Re: [RFC net-next 0/8] Introducing subdev bus and devlink extension

From: Kirti Wankhede
Date: Thu Mar 07 2019 - 16:07:58 EST




On 3/8/2019 2:32 AM, Parav Pandit wrote:
>
>
>> -----Original Message-----
>> From: Kirti Wankhede <kwankhede@xxxxxxxxxx>
>> Sent: Thursday, March 7, 2019 2:54 PM
>> To: Parav Pandit <parav@xxxxxxxxxxxx>; Jakub Kicinski
>> <jakub.kicinski@xxxxxxxxxxxxx>
>> Cc: Or Gerlitz <gerlitz.or@xxxxxxxxx>; netdev@xxxxxxxxxxxxxxx; linux-
>> kernel@xxxxxxxxxxxxxxx; michal.lkml@xxxxxxxxxxx; davem@xxxxxxxxxxxxx;
>> gregkh@xxxxxxxxxxxxxxxxxxx; Jiri Pirko <jiri@xxxxxxxxxxxx>; Alex
>> Williamson <alex.williamson@xxxxxxxxxx>
>> Subject: Re: [RFC net-next 0/8] Introducing subdev bus and devlink extension
>>
>>
>>
>> <snip>
>>
>>>>>
>>>>> Yes. I got my patches to adapt to mdev way. Will be posting RFC v2 soon.
>>>>> Will wait for a day to receive more comments/views from Greg and
>> others.
>>>>>
>>>>> As I explained in this cover-letter and discussion, First use case
>>>>> is to create and use mdevs in the host (and not in VM).
>>>>> Later on, I am sure once we have mdevs available, VM users will
>>>>> likely use
>>>> it.
>>>>>
>>>>> So, mlx5_core driver will have two components as starting point.
>>>>>
>>>>> 1. drivers/net/ethernet/mellanox/mlx5/core/mdev/mdev.c
>>>>> This is mdev device life cycle driver which will do,
>>>>> mdev_register_device()
>>>> and implements mlx5_mdev_ops.
>>>>>
>>>> Ok. I would suggest not use mdev.c file name, may be add device name,
>>>> something like mlx_mdev.c or vfio_mlx.c
>>>>
>>> mlx5/core is coding convention is not following to prefix mlx to its 40+
>> files.
>>>
>>> it uses actual subsystem or functionality name, such as, sriov.c
>>> eswitch.c fw.c en_tc.c (en for Ethernet) lag.c so, mdev.c aligns to
>>> rest of the 40+ files.
>>>
>>>
>>>>> 2. drivers/net/ethernet/mellanox/mlx5/core/mdev/mdev_driver.c
>>>>> This is mdev device driver which does mdev_register_driver() and
>>>>> probe() creates netdev by heavily reusing existing code of the PF device.
>>>>> These drivers will not be placed under drivers/vfio/mdev, because
>>>>> this is
>>>> not a vfio driver.
>>>>> This is fine, right?
>>>>>
>>>>
>>>> I'm not too familiar with netdev, but can you create netdev on open()
>>>> call on mlx mdev device?
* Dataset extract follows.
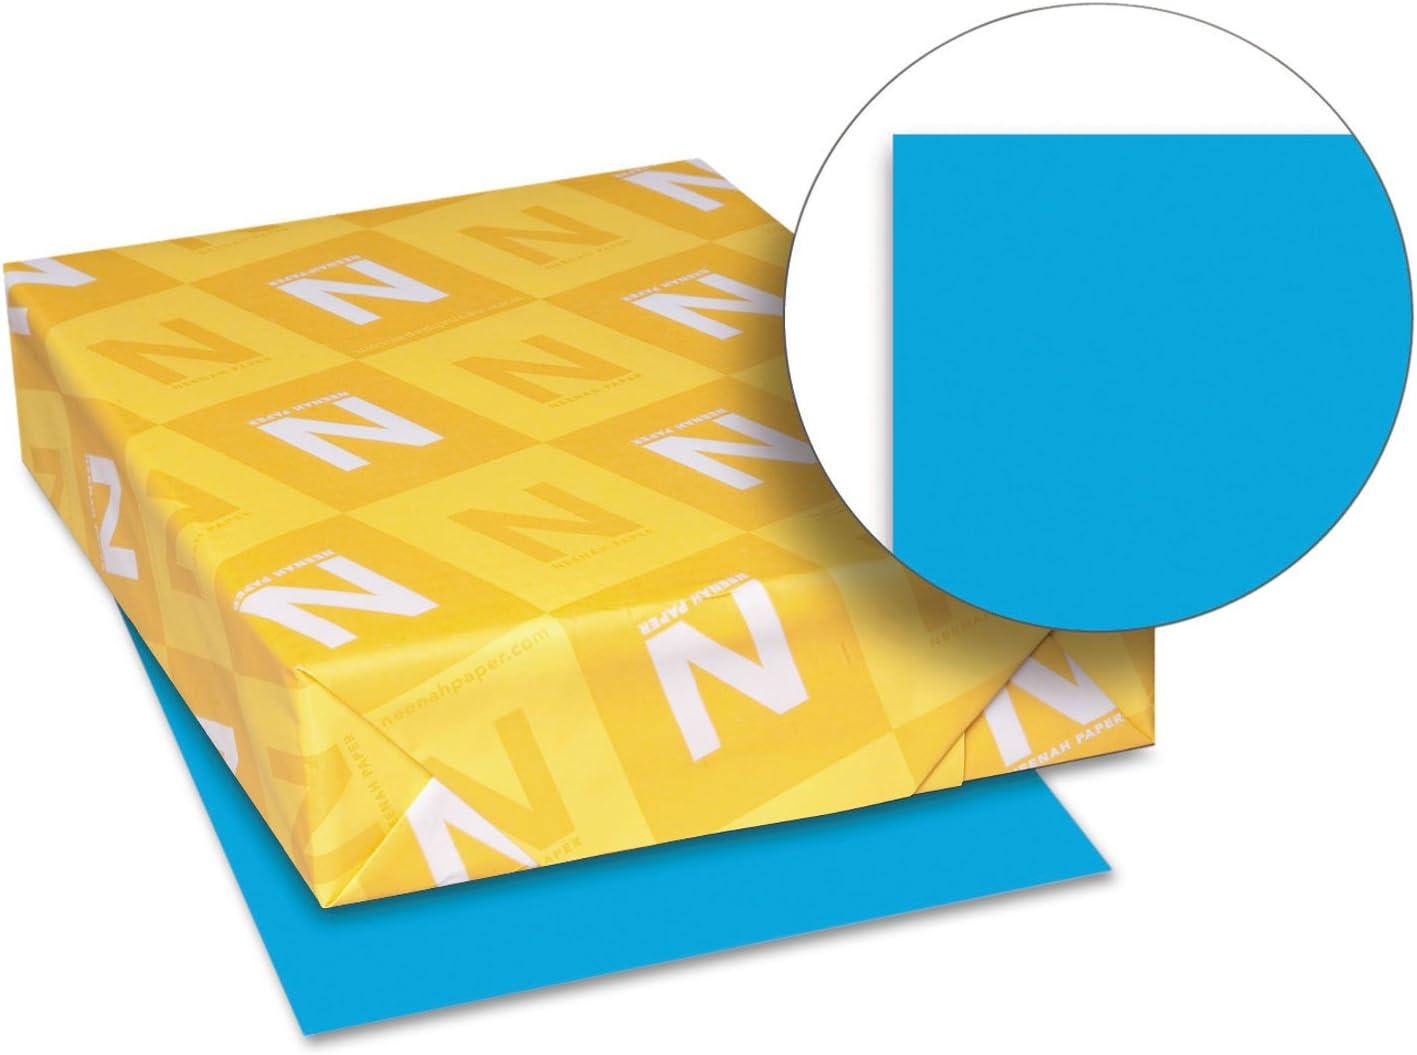 Neenah Paper 22861 Color service Cardstock 65lb 1 11 2 x 8 Mesa Mall Celestial

Then you don't have to write mdev device
>> driver.
>>>>
>>> Who invokes open() and release()?
>>> I believe it is the qemu would do open(), release, read/write/mmap?
>>>
>>> Assuming that is the case,
>>> I think its incorrect to create netdev in open.
>>> Because when we want to map the mdev to VM using above mdev calls, we
>> actually wont be creating netdev in host.
>>> Instead, some queues etc will be setup as part of these calls.
>>>
>>> By default this created mdev is bound to vfio_mdev.
>>> And once we unbind the device from this driver, we need to bind to mlx5
>> driver so that driver can create the netdev etc.
>>>
>>> Or did I get open() and friends call wrong?
>>>
>>
>> In 'struct mdev_parent_ops' there are create() and remove(). When user
>> creates mdev device by writing UUID to create sysfs, vendor driver's
>> create() callback gets called. This should be used to allocate/commit
> Yes. I am already past that stage.
>
>> resources from parent device and on remove() callback free those resources.
>> So there is no need to bind mlx5 driver to that mdev device.
>>
> If we don't bind mlx5 driver, vfio_mdev driver is bound to it. Such driver won't create netdev.

Doesn't need to.

Create netdev from create() callback.

Thanks,
Kirti

> Again, we do not want to map this mdev to a VM.
> We want to consume it in the host where mdev is created.
> So I am able to detach this mdev from vfio_mdev driver as usaual using
> $ echo mdev_name > ../drivers/vfio_mdev/unbind
>
> Followed by binding it to mlx5_core driver.
>
> Below is sample output before binding it to mlx5_core driver.
> When we bind with mlx5_core driver, that driver creates the netdev in host.
> If user wants to map this mdev to VM, user won't bind to mlx5_core driver. instead he will bind to vfio driver and that does usual open/release/...
>
>
> lrwxrwxrwx 1 root root 0 Mar 7 14:24 69ea1551-d054-46e9-974d-8edae8f0aefe -> ../../../devices/pci0000:00/0000:00:02.2/0000:05:00.0/69ea1551-d054-46e9-974d-8edae8f0aefe
> [root@sw-mtx-036 net-next]# ls -l /sys/bus/mdev/devices/69ea1551-d054-46e9-974d-8edae8f0aefe/
> total 0
> lrwxrwxrwx 1 root root 0 Mar 7 14:24 driver -> ../../../../../bus/mdev/drivers/vfio_mdev
> lrwxrwxrwx 1 root root 0 Mar 7 14:24 iommu_group -> ../../../../../kernel/iommu_groups/0
> lrwxrwxrwx 1 root root 0 Mar 7 14:24 mdev_type -> ../mdev_supported_types/mlx5_core-mgmt
> drwxr-xr-x 2 root root 0 Mar 7 14:24 power
> --w------- 1 root root 4096 Mar 7 14:24 remove
> lrwxrwxrwx 1 root root 0 Mar 7 14:24 subsystem -> ../../../../../bus/mdev
> -rw-r--r-- 1 root root 4096 Mar 7 14:24 uevent
>
>> open/release/read/write/mmap/ioctl are regular file operations for that
>> mdev device.
>>
>
>> Thanks,
>> Kirti
>